Morreu em 1935, diagnosticado com cólica hepática, depois de ter publicado o livro Mensagem, um dos que mais podemos perceber a influência do ocultismo, do estudo daquilo que está no campo do sutil, transcendente, oculto, em sua vida. Durante toda a Vida, Fernando Pessoa traduziu inúmeras obras teosóficas e foi se aprofundando cada vez mais nesse conhecimento, que podemos traduzir como “Sabedoria Divina”. Abaixo podemos perceber um dos poemas que mais retratam a importância desse conhecimento na vida do poeta:

Não dormes sob os ciprestes,

Pois não há sono no mundo.

(…)

O corpo é a sombra das vestes

Que encobrem o teu ser profundo.

Vem a noite, que é a morte,

E a sombra acabou sem ser.

Vais na noite só recorte,

Igual a ti sem querer.

Mas na Estalagem do Assombro

Tiram-te os Anjos a capa.

Segues sem capa no ombro,

Com o pouco que te tapa.

Então Arcanjos da Estrada

Despem-te e deixam-te nu.

Não tem vestes, não tens nada:

Tens só teu corpo, que és tu.

Por fim, na funda caverna,

Os Deuses despem-te mais.

Teu corpo cessa, alma externa,

Mas vês que são teus iguais.

(…)

A sombra das tuas vestes

Ficou entre nós na Sorte.

Não está morto, entre ciprestes.

(…)

Neófito, não há morte.

(Trecho de Iniciação, Fernando Pessoa)

Em inúmeras cartas a amigos, e ao longo de sua obra, podemos perceber o quanto foi se aprofundando no conhecimento de si mesmo visando sempre o transcendente, o elevado, o Divino na Vida.

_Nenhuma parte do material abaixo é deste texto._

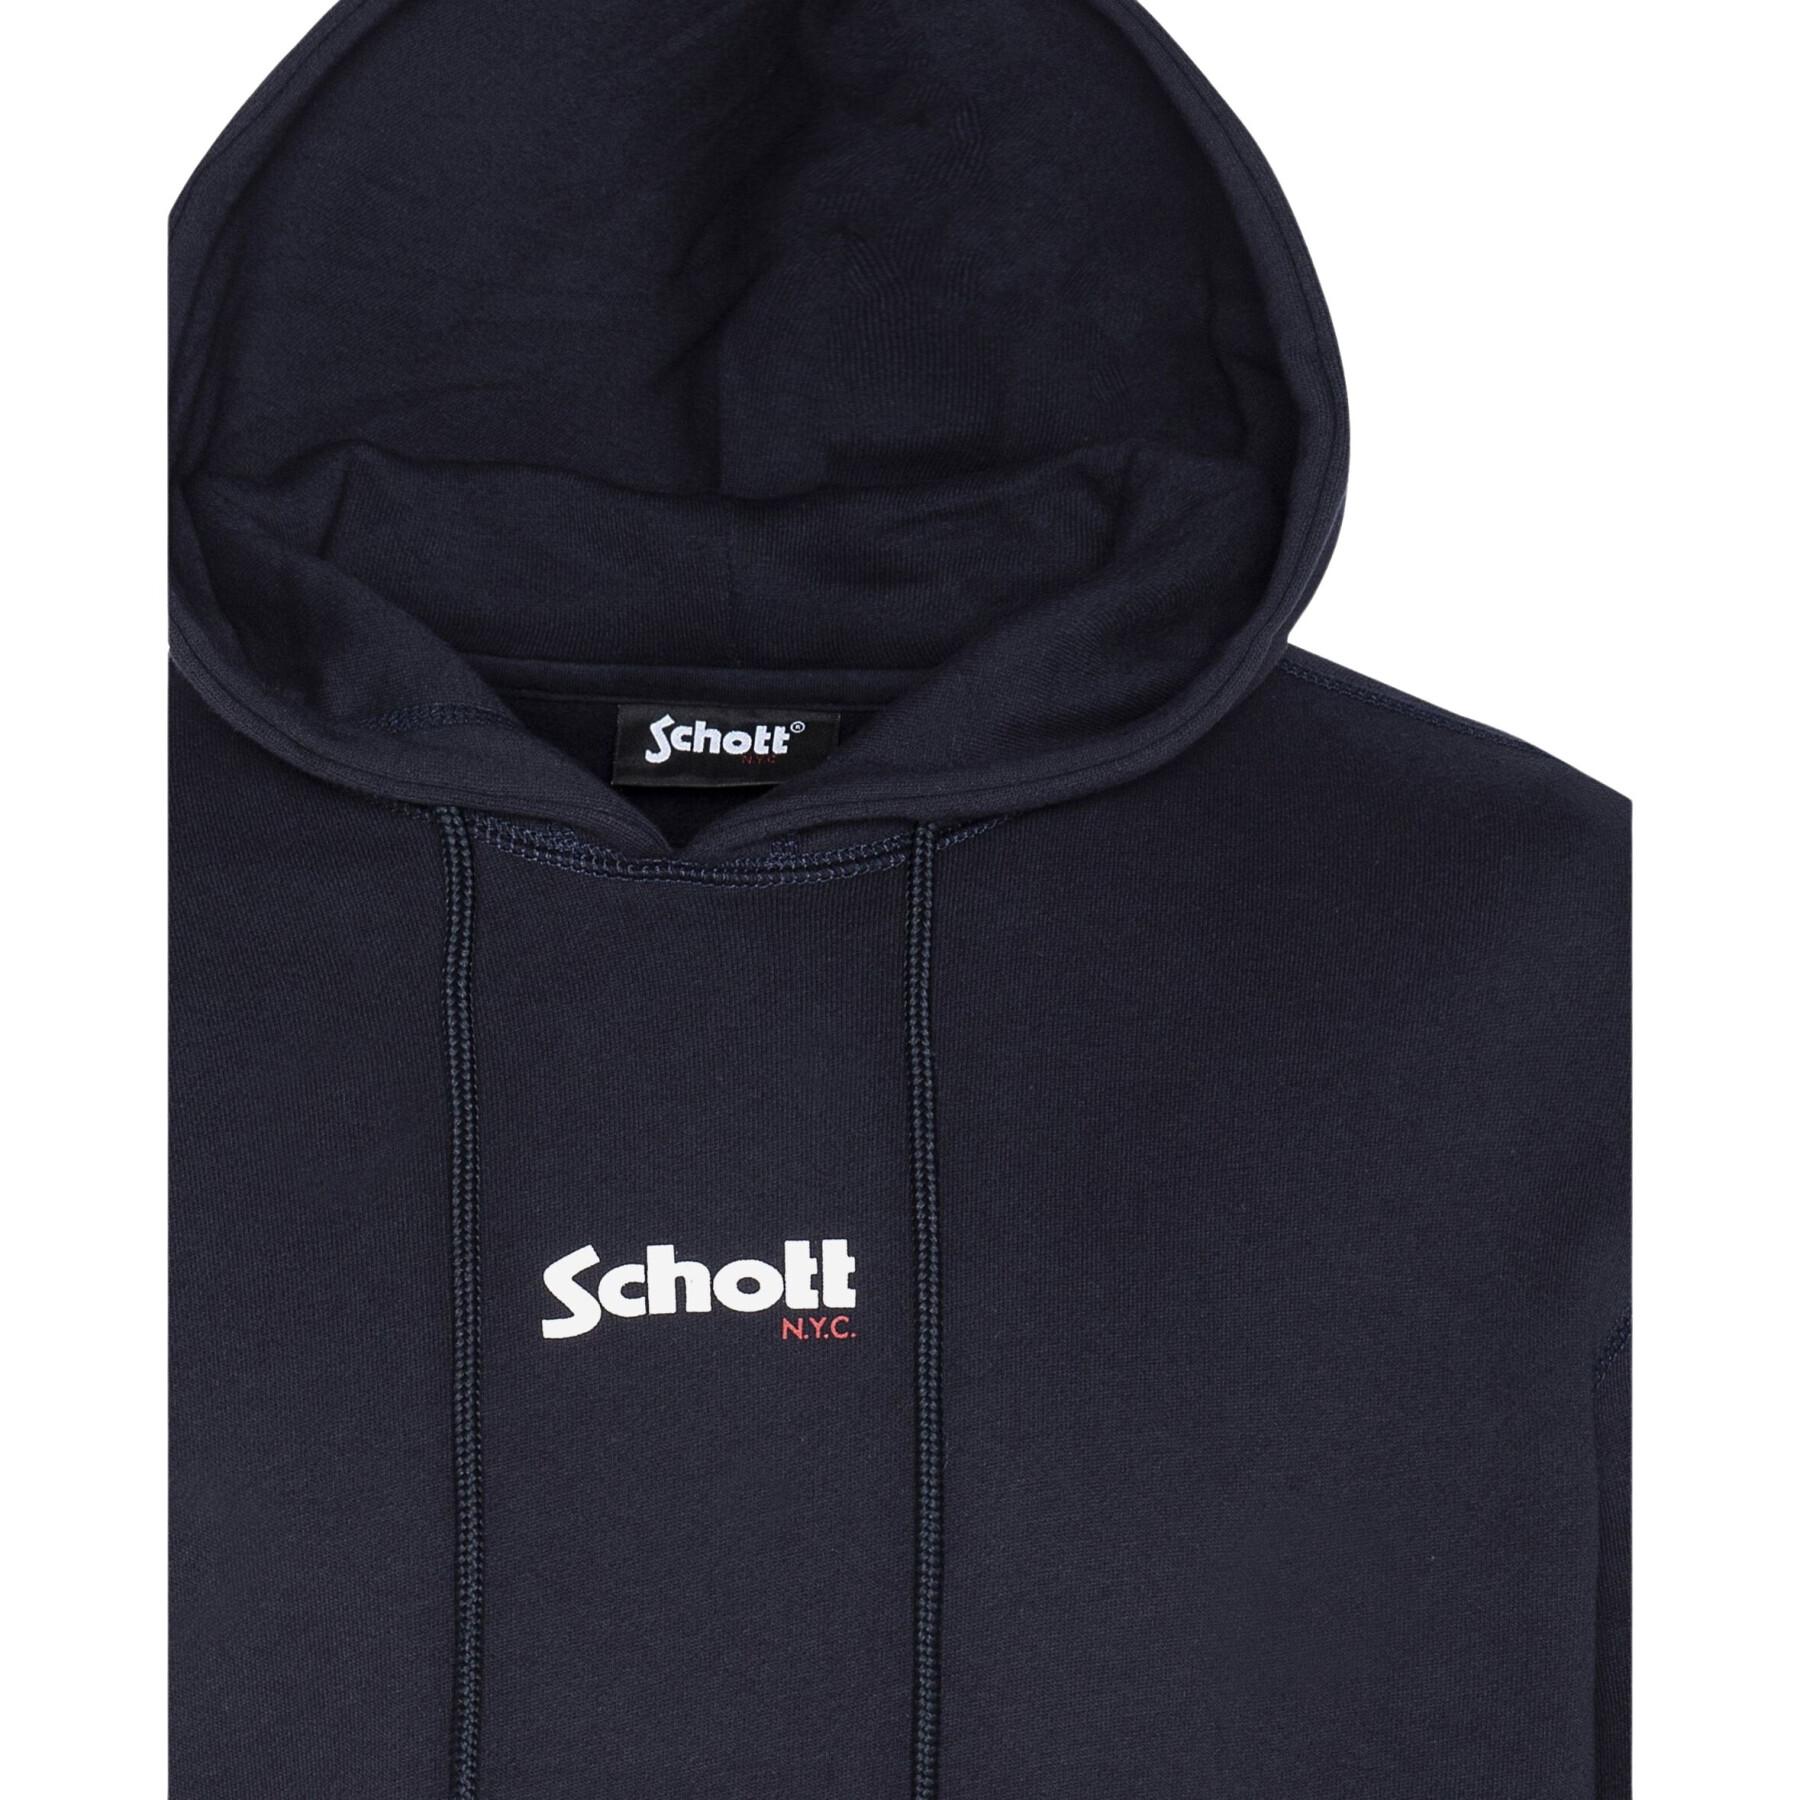 Blusa de moletom com capuz e pequeno logotipo Schott

Podemos aprender com o seu exemplo a relevância de entrar nessa Jornada Humana com um profundo contato com o nosso coração, com nossa identidade, com quem nós somos de verdade, de maneira a colocarmos essa essência, aquilo que temos de melhor, em tudo que fizermos, nas nossas poesias, no nosso trabalho, na forma que falamos, ou seja, em todas as experiências que nos couber viver.